Preclusion of Evidence of Bias and Motive

¶21 Whaley finally argues that the court abused its discretion and violated his "right to present a complete defense and effectively confront a crucial witness by precluding relevant evidence of bias and motive, " specifically, that the victim's mother's motive in changing her testimony was "to avoid any future acquittals or another re-trial." The judge allowed defense counsel to impeach the victim's mother with her prior inconsistent statements, and to "explore her motives, such as wanting to see that the defendant gets convicted, " but "without getting into the last trial and the outcome of the last trial."

¶22 A defendant has the right under the Confrontation Clause to cross-examine a witness concerning her bias, motive, and prejudice, and on issues that directly bear on her credibility. See Davis v. Alaska, 415 U.S. 308, 316-18 (1974); see also State v. Gertz, 186 Ariz. 38, 41-43, 918 P.2d 1056, 1059-61 (App. 1995). Trial judges retain wide latitude, however, to impose reasonable limits on cross-examination based on concerns about prejudice, confusion of the issues, marginal relevance, and misleading the jury. State v. Canez, 202 Ariz. 133, 153, 62, 42 P.3d 564, 584 (2002) . We review evidentiary rulings that implicate the Confrontation Clause de novo. State v. Ellison, 213 Ariz. 116, 129, 42, 140 P.3d 899, 912 (2006) .

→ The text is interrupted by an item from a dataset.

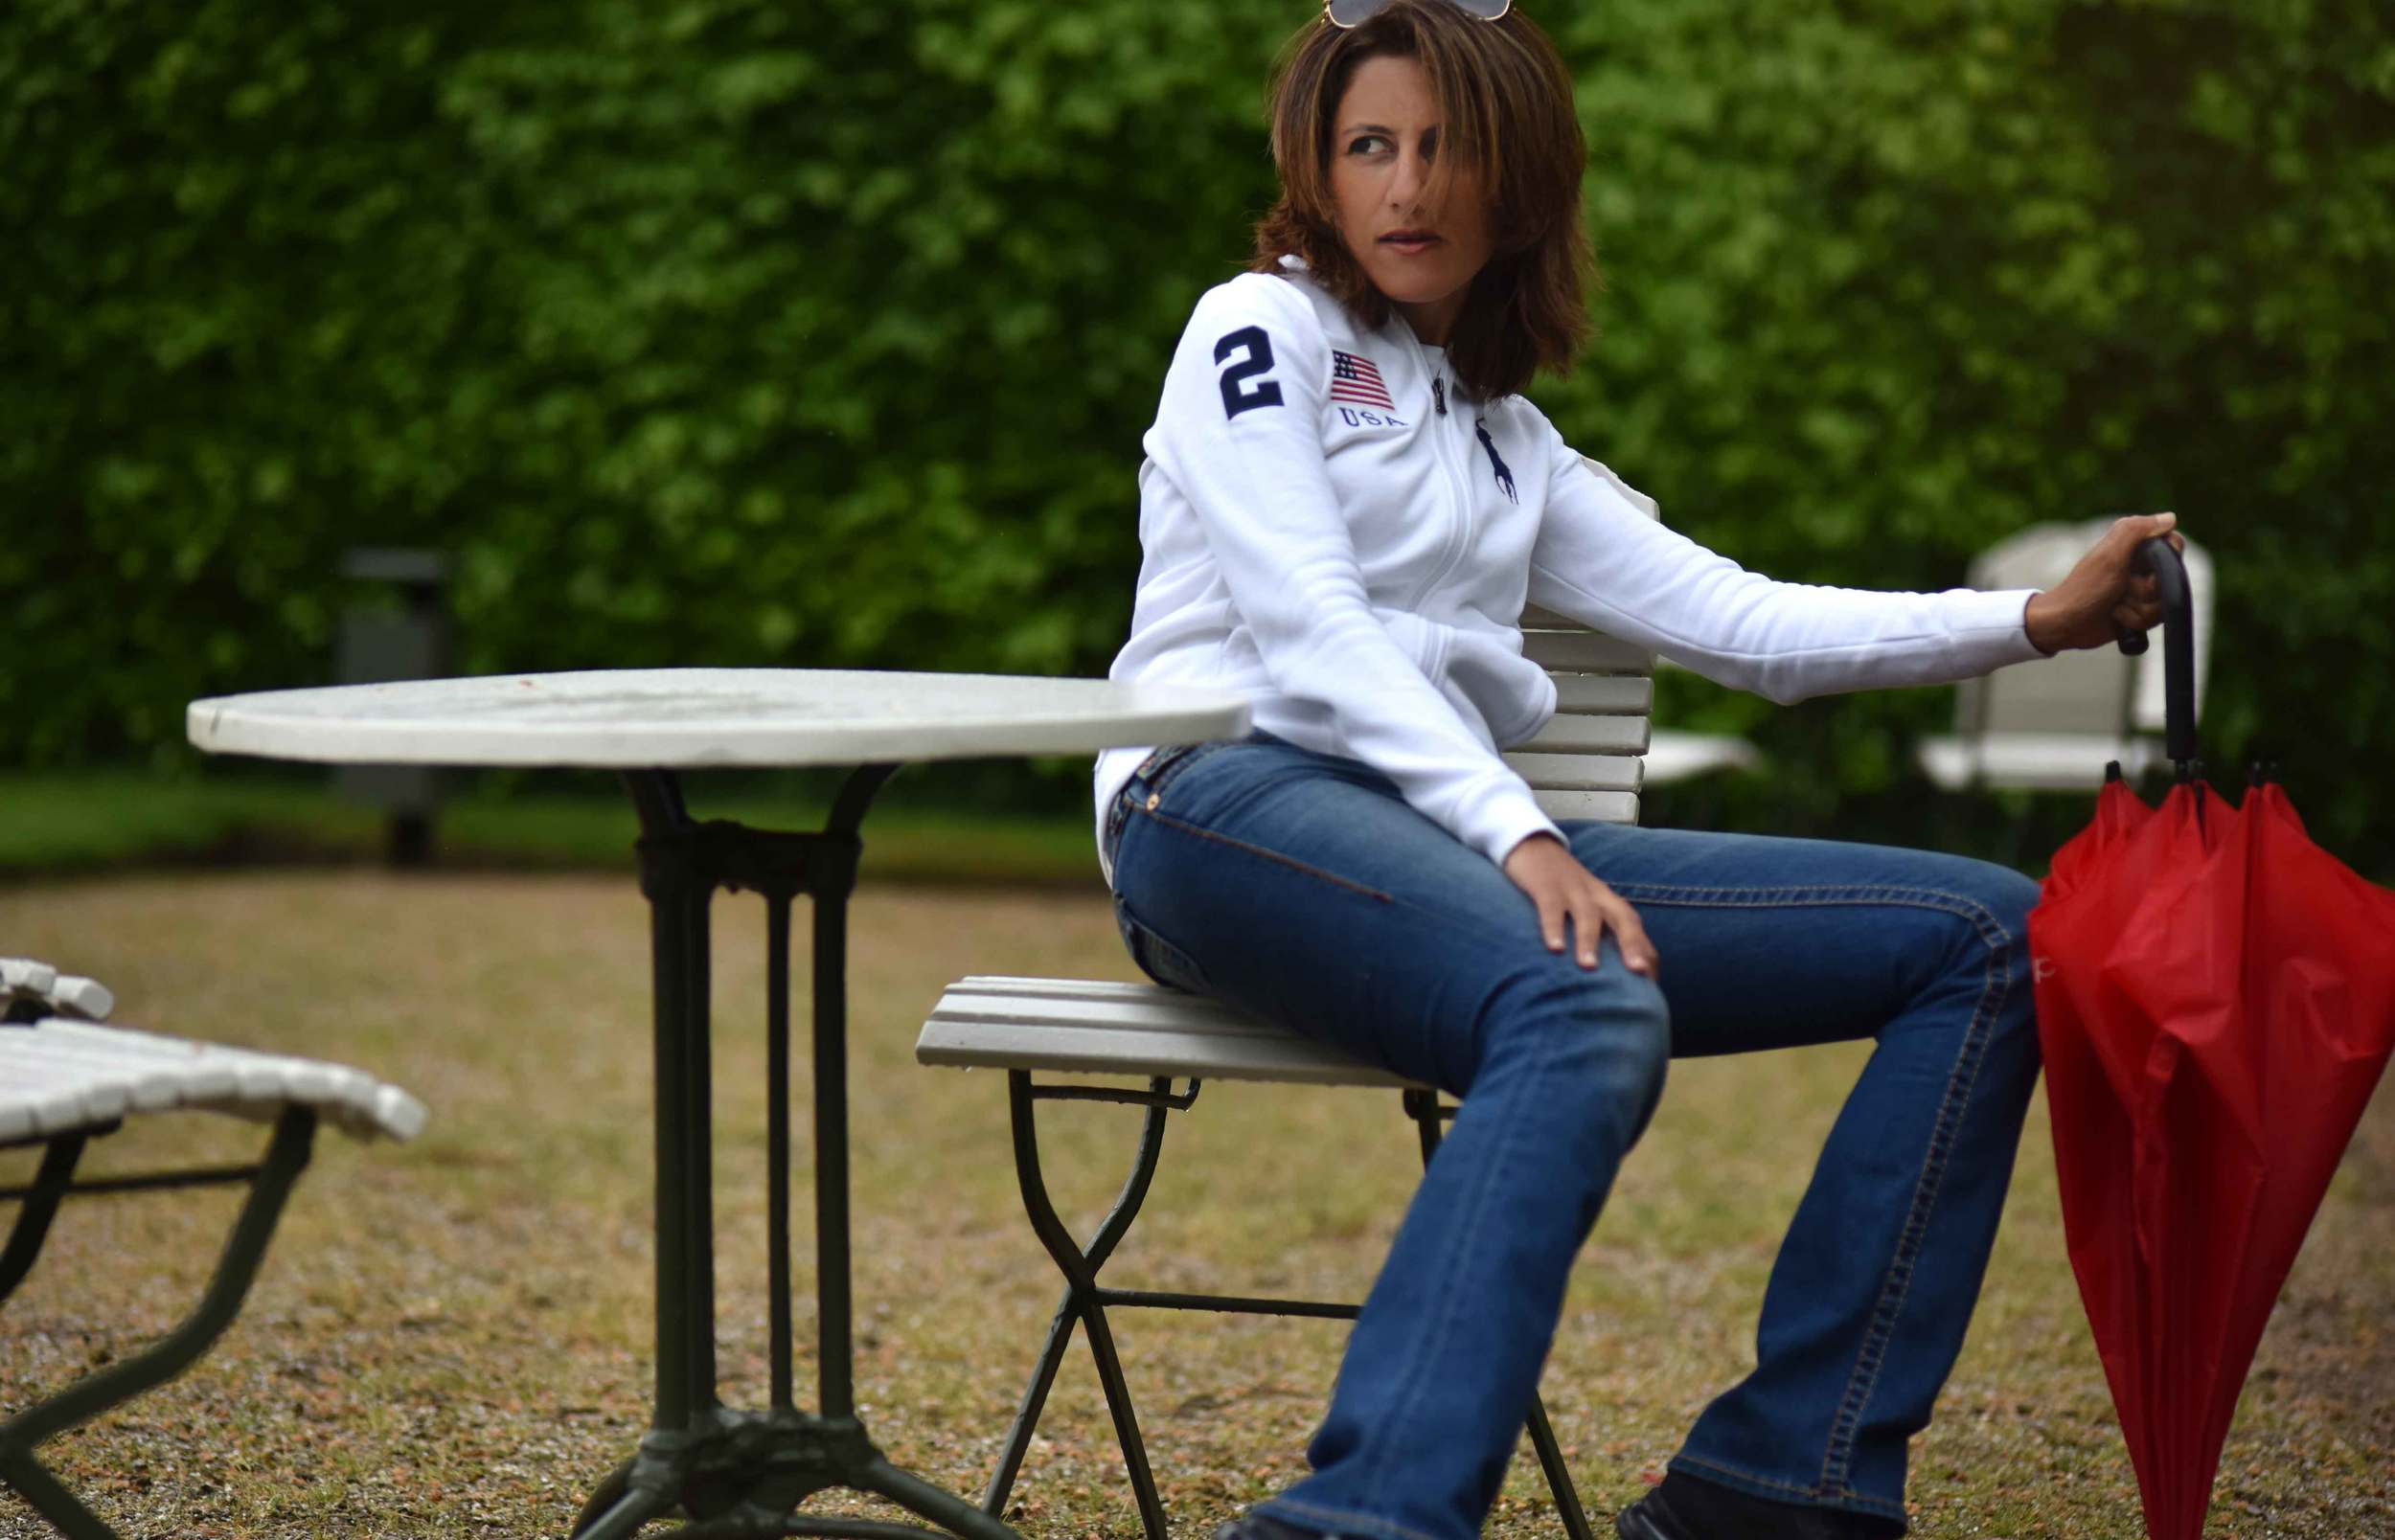 White Ralph Lauren Polo jacket, True Religion jeans, Gönneranlage, historic park, Baden Baden, Germany. Image©sourcingstyle.com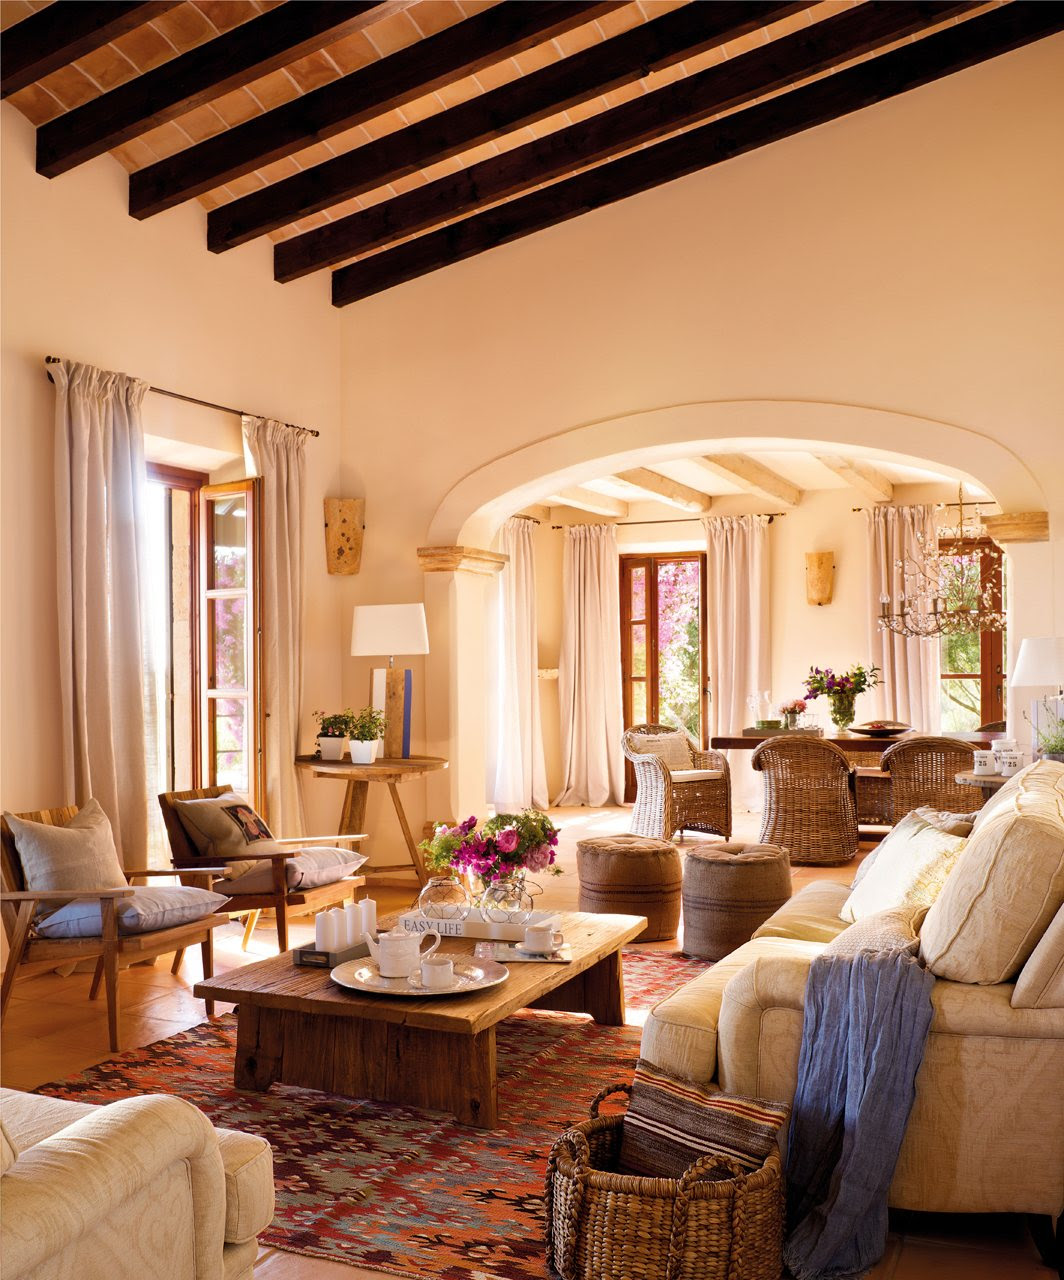 Décor Inspiration : An Apartment in Mallorca, Spain

¶23 We find no error. Although Whaley was acquitted of the charged offense of sexual conduct with a minor in the first trial, he was convicted of the lesser-included offense of molestation. Because Whaley was being tried for the very charge of which he had been convicted at the prior trial - molestation - it would have been misleading to suggest that this witness changed her testimony to avoid another "acquittal." Moreover, the judge did allow defense counsel to explore the witness's motive to change her testimony to obtain a conviction. We find the judge's decision to preclude Whaley from eliciting testimony and arguing that this witness changed her testimony to avoid another "acquittal" was reasonable under the circumstances, and we will not reverse on this basis.

Conclusion

¶24 For the foregoing reasons, we affirm Whaley's conviction and sentence.

CONCURRING: MICHAEL J. BROWN, Judge, LAWRENCE F. WINTHROP, Judge.